Even though Marie was now married, she too was saddened we were leaving her and our new son-in-law behind. Certainly, abandoning our son for the pleasure of Chuck’s desires caused me monumental desolation. We can’t relive the lost years; especially now knowing what the future held for me.

Less than a month after Marie’s wedding, the moving van pulled away from the drive of the house which had been our home since our children were ages seven and nine. They had grown up in that house. Memories of sleep overs with friends, countless birthday parties and hosting events for their friends from grade school through college were now only mental images This was the house where I had dried Marie’s tears and prayed with her for a new love.

This was the house where I arrived home from work, hosted Camp Fire girls as their leader or assisted the boy scouts as their assistant leader. This is where the days required dinner preparation, assisting our children with their homework and bedtime preparation, after a long day at work. Other nights required carpooling for after school sports and music.

This was the house where late-night hours of intense studying after the other tasks were completed would enable me to receive my bachelor’s and master’s degrees. The walls of this house had witnessed the greatest years of my life as our children’s mother. These walls also held the innermost secrets of my heart as I sobbed and spent countless nights crying myself to sleep when Chuck refused to be a husband to me; to love me, to hold me, to embrace me.

Marie and Christian have never shared their sentiments of leaving that house, but for me, it was not about the house I never liked, but the reminiscences of the children’s lives and the family times we had while residing there. This house; our home also held the memories of the countless international guests we hosted. Sometimes they would be our guests for only a week or two, while other times we hosted guests up to six weeks at a time.

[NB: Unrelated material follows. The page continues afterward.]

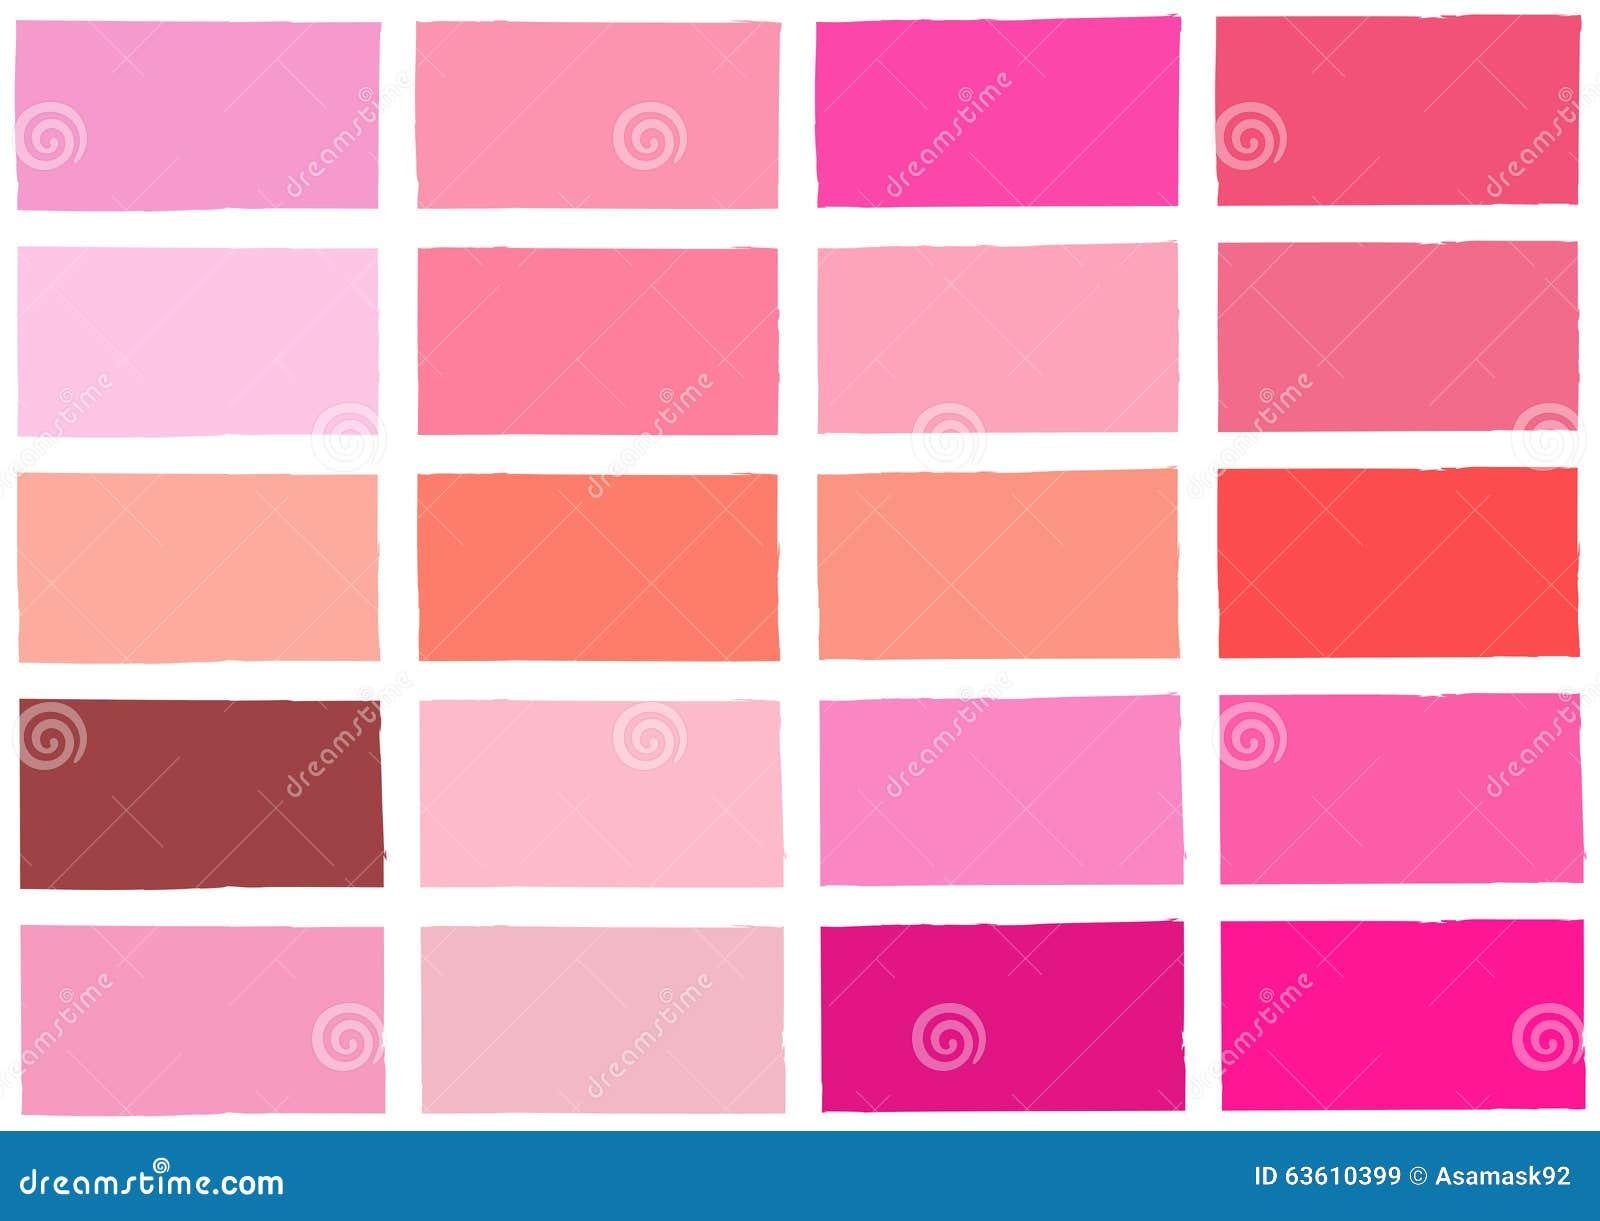 pink tone color shade background stock vector image. Black Bedroom Furniture Sets. Home Design Ideas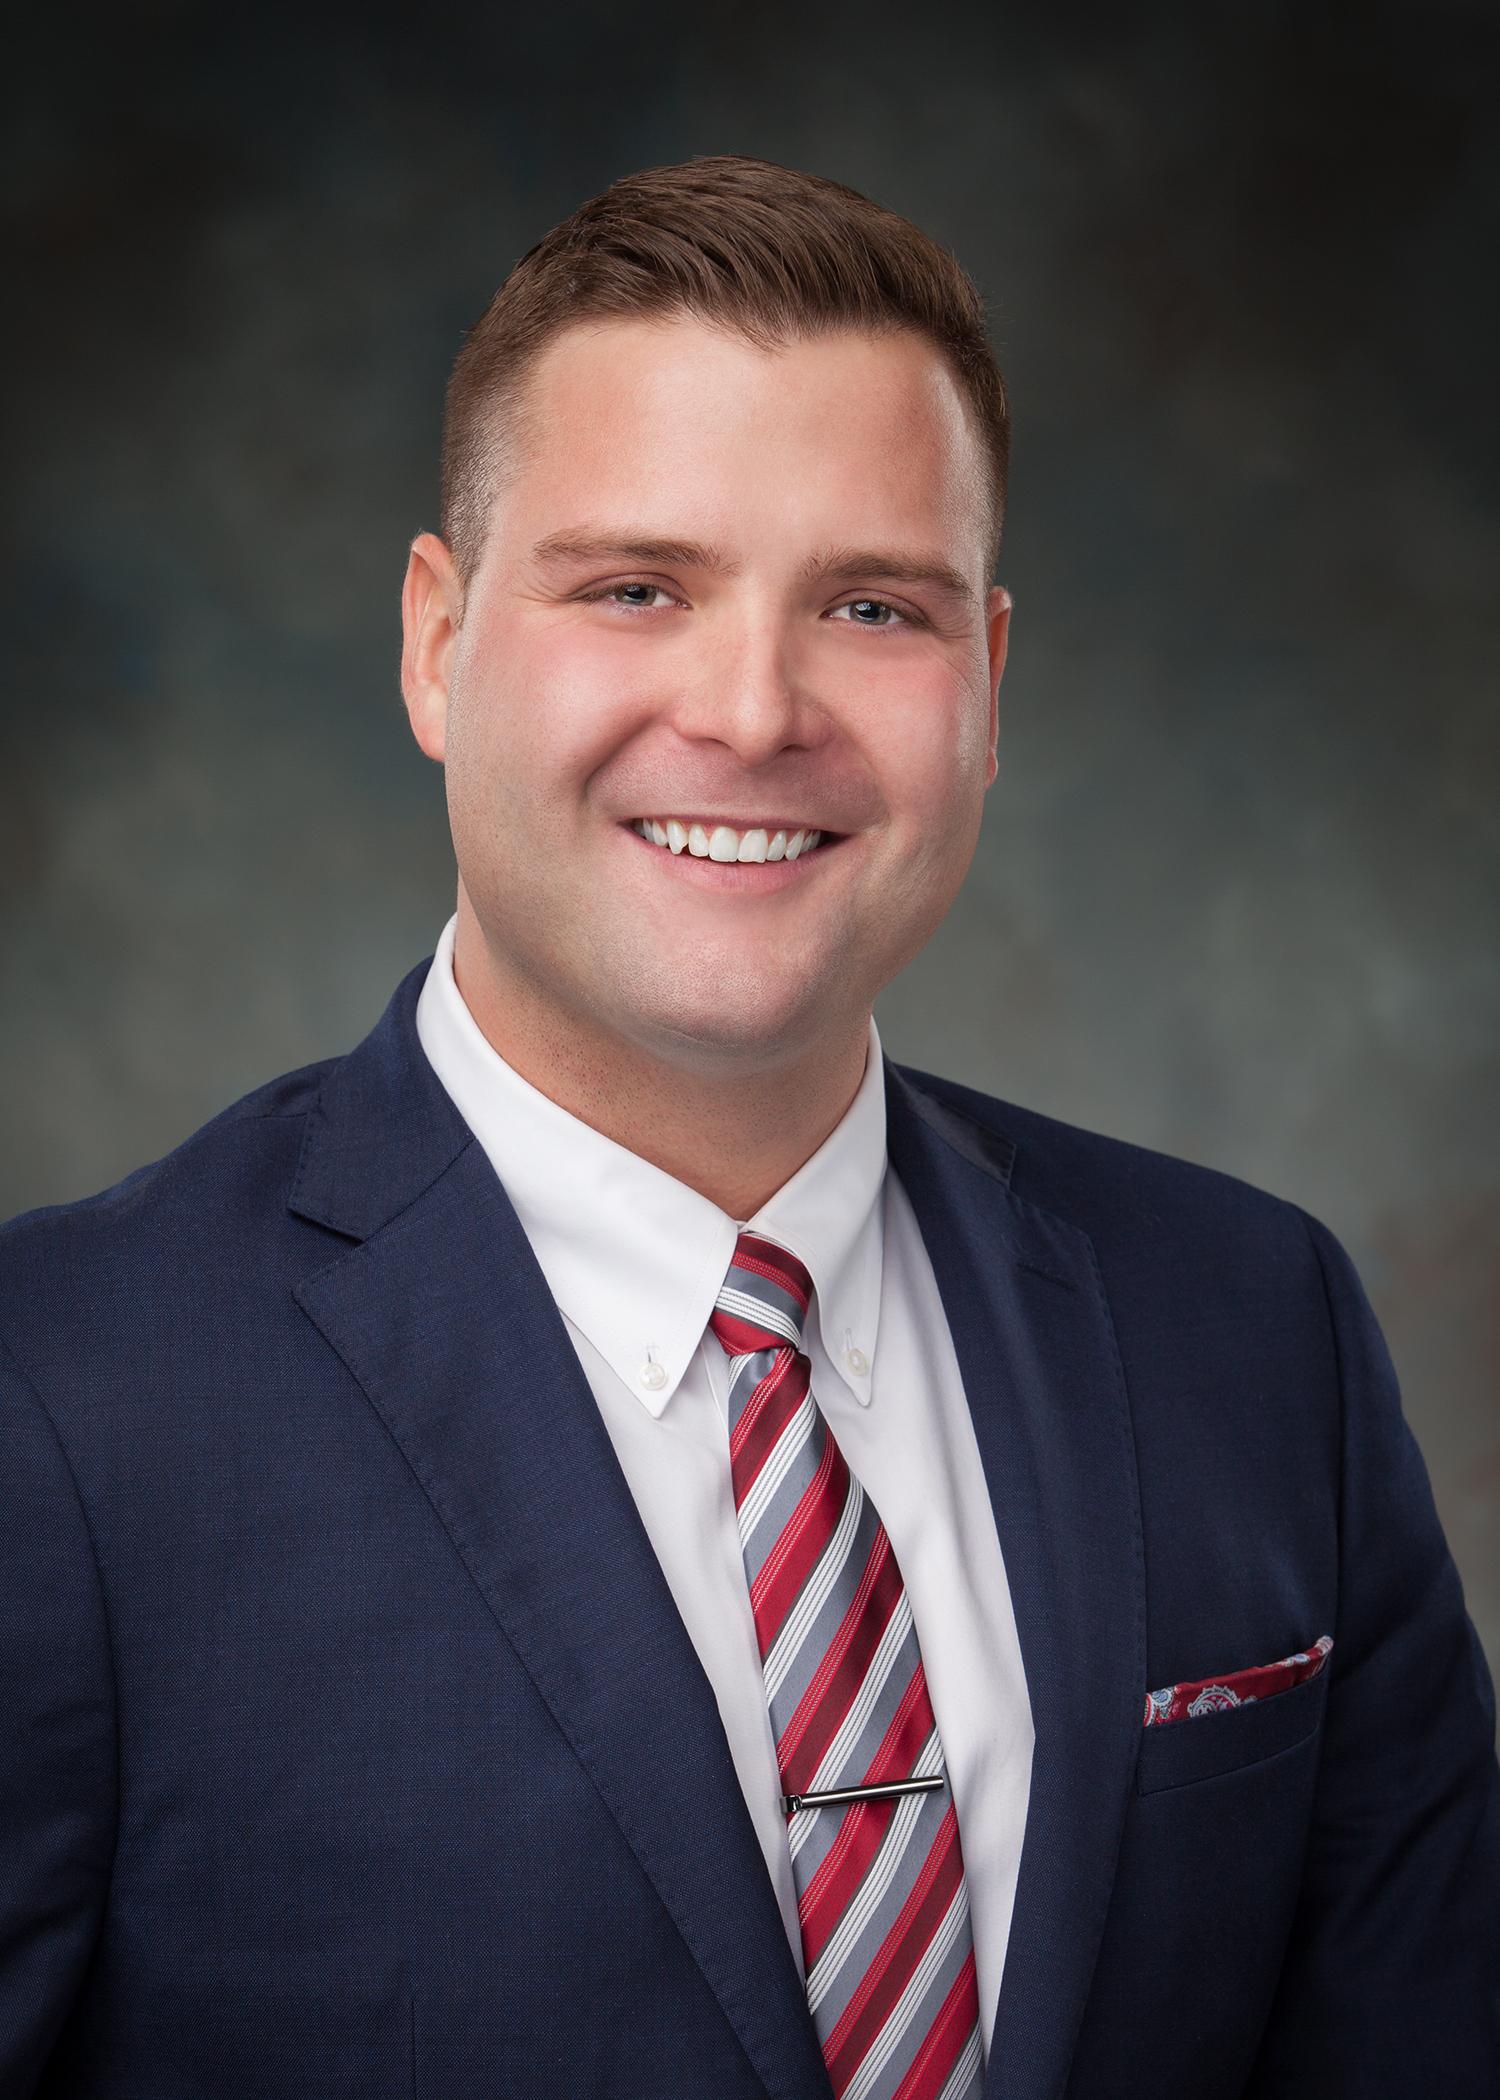 Austin Fox - Business Insurance Agent in Oklahoma City, OK ...

I desired our house to be a home to any/all whom entered our doors; to know they were welcomed and cherished while being “one of our family.” For Chuck leaving Edmond, it was not a concern; it was merely a house, not his home. He was eager to move away to what he believed would be a golden opportunity to move up the corporate ladder. For me it was one of the saddest days of my life; not as sorrowful as what would await me years later, but a very melancholy time.

Even though we drove to FL to enable a vacation enroute, the atmosphere between Chuck and me was not a pleasant one. My thoughts remained with our children whom were mournful we were leaving them behind. Chuck’s attitude was not one of understanding this move was solely for him. I also realized the hotel which would be our “home” for the next six weeks was not the best transition into a new state, a new city and a new house.

As the movers brought our possessions into the FL house, it all seemed surreal. We were residing in a community where the majority of the residents were from NYC and this displaced, “buckeye okie” realized immediately she was not embraced by the local residents. Chuck was “one of the gang” as he was now in the corporate office; the corporation whom had owned the oil company where he had been employed as the tax director for the past 22 years. Yes, he was in his element, while the next few years would bring additional heartache for Jalene.